These decoders in DC/analog mode do not move the engine until approx. 8 volts is on the rails. This allows the decoder to 'start up' and turn on lights and sound plus preheat the smoke element which must be tied to a low voltage.
Many sound files have a start up sequence which sounds like the real thing, diesels rev up and blow smoke before idling.

PS, I do have the phoenix programmer and configure sounds. My digital systems are both types of MTS (I, II, II with parallel) and the computer interface.
My now preferred system is the DCC Zimo and I work with Axel at Train-li installing decoders and repairing engines.


----------



## East Broad Top (Dec 29, 2007)

What you're doing, then, is actually converting the loco to full DCC, and programming the decoder to be analog-DC compatible as opposed to "stop on DC" or other configuration. That'll work, you just need access to a DCC system to program the decoder. 

One caveat--you need to take into consideration the kind of analog track power you're using. If you're using pulse-width-modulation, is the decoder going to recognize that as analog DC, or are you going to have to add a filter to the throttle output? 

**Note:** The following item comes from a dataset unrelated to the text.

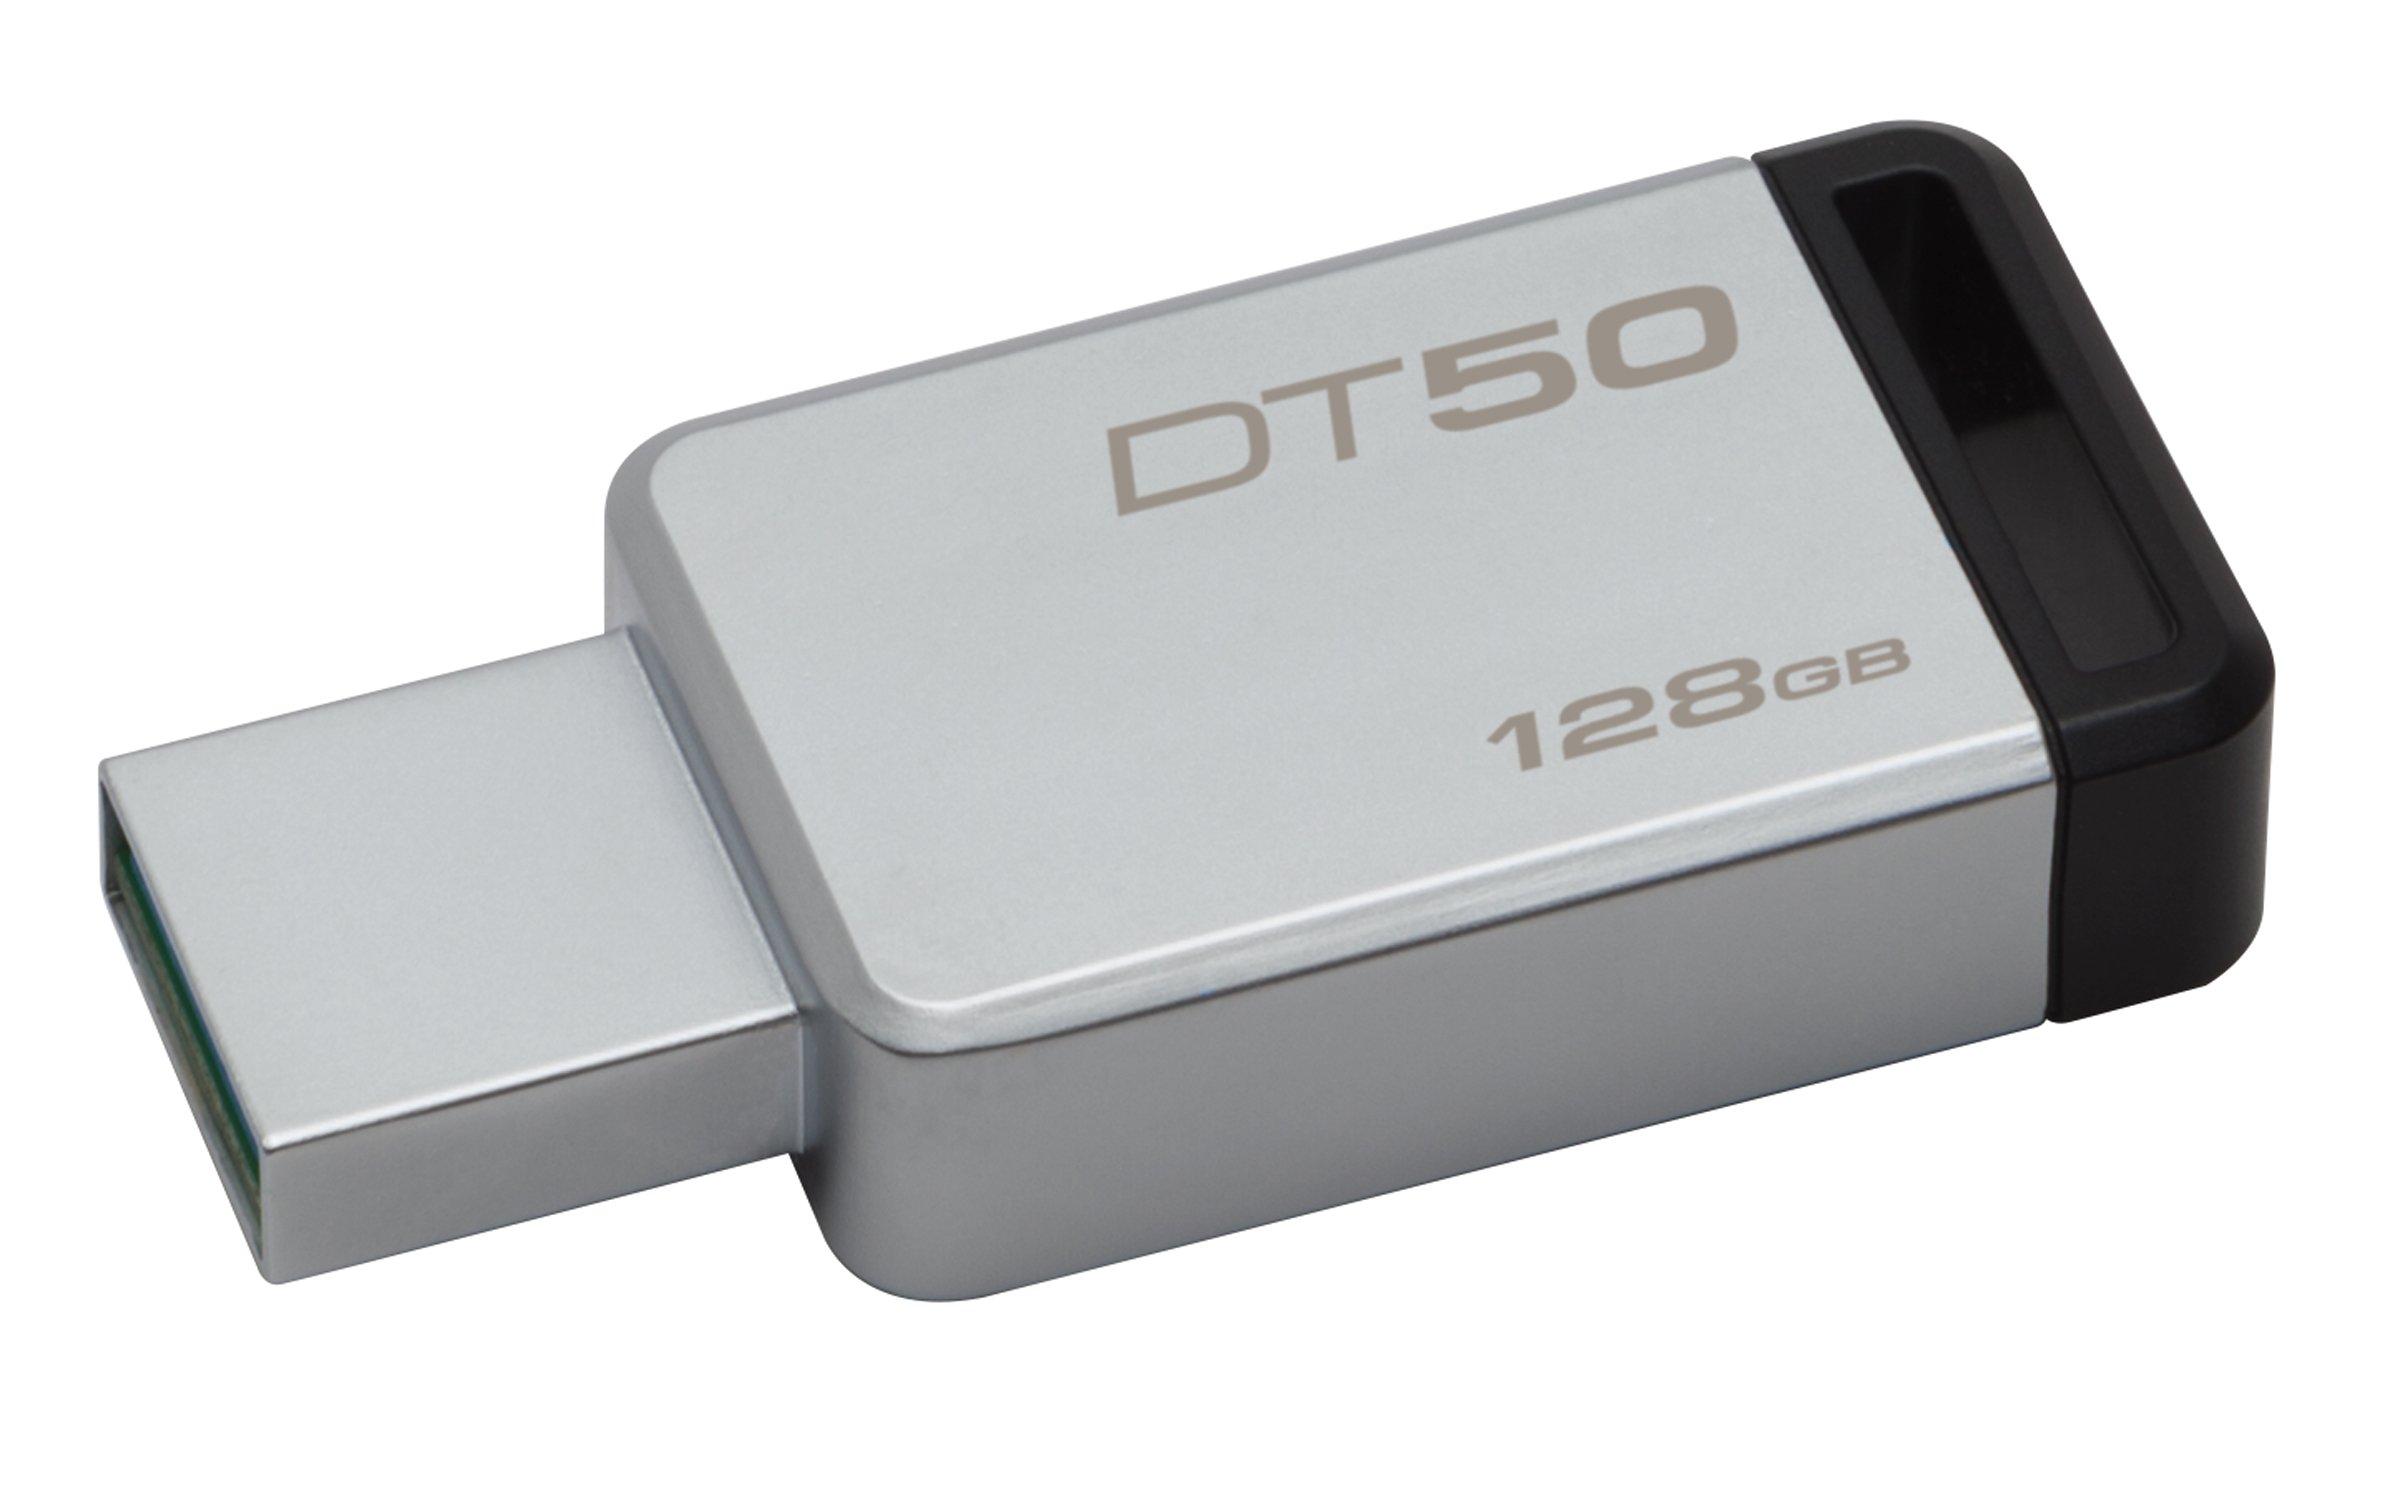 Kingston DataTraveler 128GB USB 3.0 Flash Drive (Gray) product image

Are there specific decoders you might recommend? I'd be looking for externally triggered bell and whistle via track magnets or similar (not real time), cam-synchronized chuff, and smoke synced to that same chuff. 

Later,

K


----------



## Dan Pierce (Jan 2, 2008)

I will have to confirm the use of pulsed controlled DC on the zimo decoder.
These do work on the Train-li key fob system. I will have to try my 27mhz Aristo system.\ set to non-linear.


----------